StA’s analogy is not a very good one.

By the way, StA, God did not design death as our final end. God does not desire our death. That’s what Christ’s incarnation, death, and resurrection is all about.
Is that what the 5th commandment says?
It says “you shall not kill” or “you shall not murder”
when you look at the Rabbinical Tradition, abortion is not absolutely prohibited IIRC
 
What you term “God’s representatives” are old, heterosexual (for the most part), celibate males. When this august body begins to include women – including women who have suffered the agony of infertility – people might being to take their pontifications on difficult moral conundrums somewhat more seriously.
To what people do you refer? The Body of Christ holds the complete answer and description regarding the human being. The Catholic Church has no authority to ordain women and this must be definitively held by all the faithful as stated by Pope John Paul II. Here, again, women are misidentified as to their part of the Body of Christ. This separates them from their natural biological reality.

Peace,
Ed
 
OK - at what point does the transition occur from developing, growing, and integrating to dying?
That’s a good question, and I suppose it varies according to which subsystem you are talking about. The nervous system, the digestive system, the musculo-skeletal system, and the cardiovascular system might all degrade at different rates in different people.

But the main factor (the biologists at my institution tell me) is telomeric erosion. When the telomeres on the ends of your DNA molecules begin to be shortened, transcription errors in the copying of DNA begin to creep in. After that it’s only a matter of time before cancers and other life-threatening conditions begin to crop up.

StAnastasia
 
Is that what the 5th commandment says?
It says “you shall not kill” or “you shall not murder”
when you look at the Rabbinical Tradition, abortion is not absolutely prohibited IIRC
Rabbinical Tradition while important is not the final word in Catholic teaching.

The CCC tells us that the 5th commandment informs us that human life is sacred.

see this from the CCC
 
Is that what the 5th commandment says?
It says “you shall not kill” or “you shall not murder”
when you look at the Rabbinical Tradition, abortion is not absolutely prohibited IIRC
Why do you bring up Rabbinical Tradition? This is Catholic Answers and we must present the teaching of the Church regarding human persons, not just their biology but their spiritual aspect as well.

Peace,
Ed
 
What you term “God’s representatives” are old, heterosexual (for the most part), celibate males. When this august body begins to include women – including women who have suffered the agony of infertility – people might being to take their pontifications on difficult moral conundrums somewhat more seriously.
Absolutely right, qua far-out speculative counter-factual (except that you should have used the subjunctive rather than the indicative mood) - and absolutely irrelevant. 🤷
 
To what people do you refer? The Body of Christ holds the complete answer and description regarding the human being. The Catholic Church has no authority to ordain women and this must be definitively held by all the faithful as stated by Pope John Paul II. Here, again, women are misidentified as to their part of the Body of Christ. This separates them from their natural biological reality. Peace, Ed
Nah – that’s a model that no longer flies. Arguing that a woman’s place is barefoot and pregnant in the kitchen while a man’s place is leading the church is so “fifties,” Ed! “Natural biological reality” has nothing to do with leadership of the Church.

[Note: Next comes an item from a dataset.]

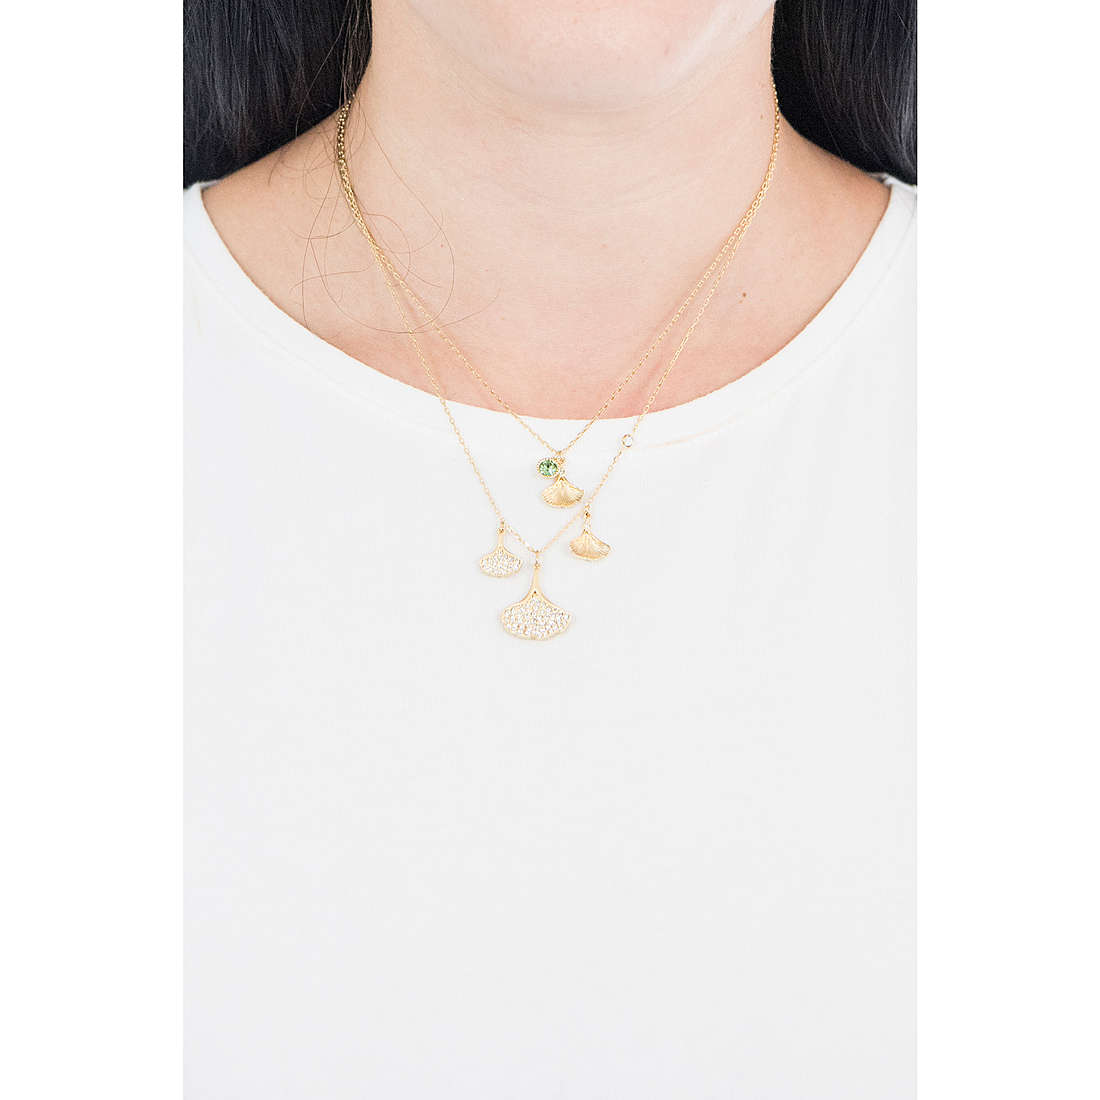 Swarovski necklaces Stunning woman 5527079 wearing

But we should probably get back to the topic of being uncomfortable with biology.
 
That’s a good question, and I suppose it varies according to which subsystem you are talking about. The nervous system, the digestive system, the musculo-skeletal system, and the cardiovascular system might all degrade at different rates in different people.

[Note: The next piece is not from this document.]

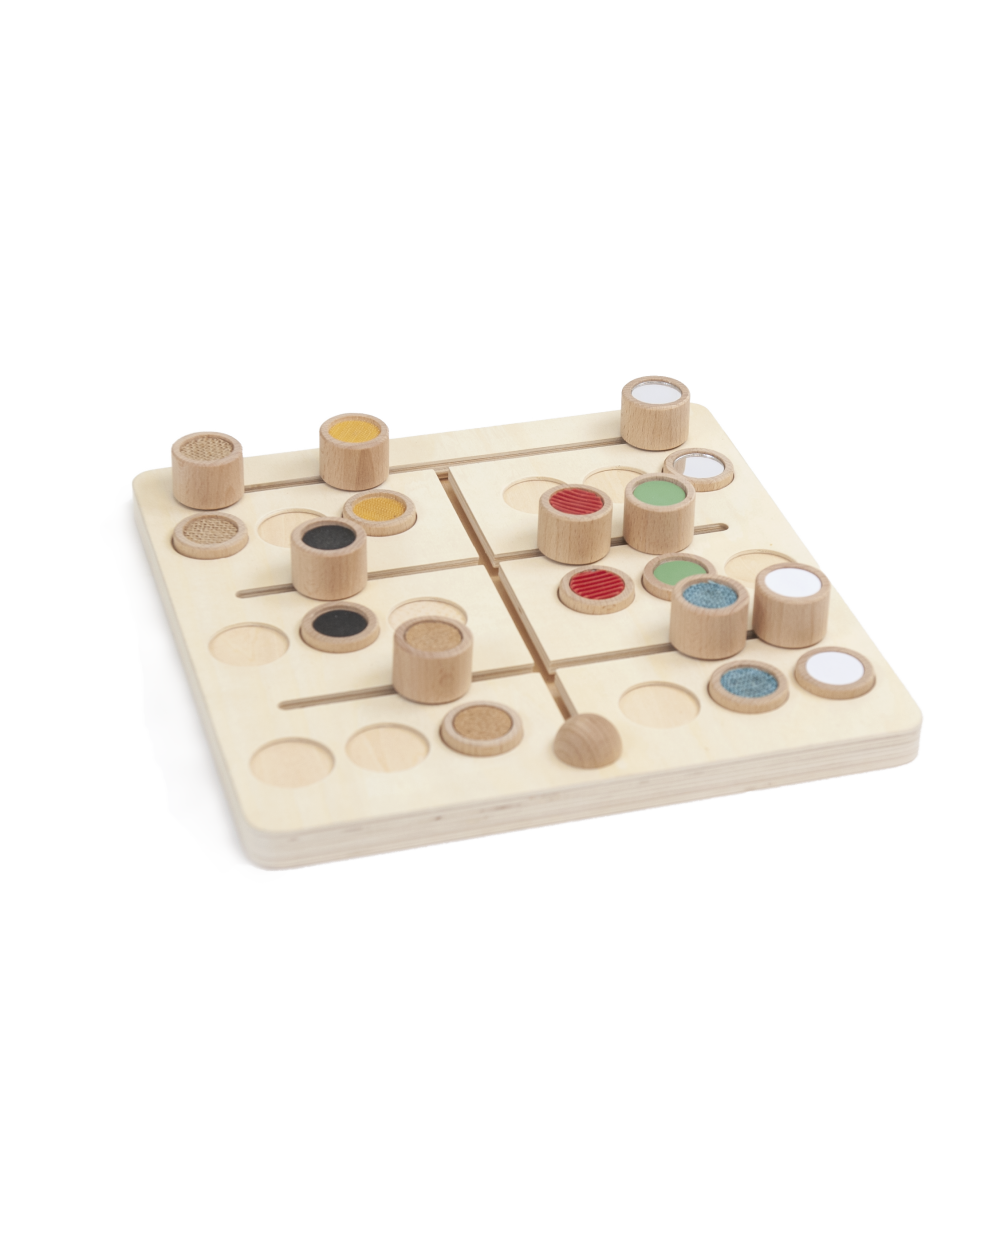 texturen-motoriekbord hout - textures matching sliding game - planche de motricité textures en bois

But the main factor (the biologists at my institution tell me) is telomeric erosion. When the telomeres on the ends of your DNA molecules begin to be shortened, transcription errors in the copying of DNA begin to creep in. After that it’s only a matter of time before cancers and other life-threatening conditions begin to crop up.

StAnastasia
And so just when is that? (How about immediately after conception?)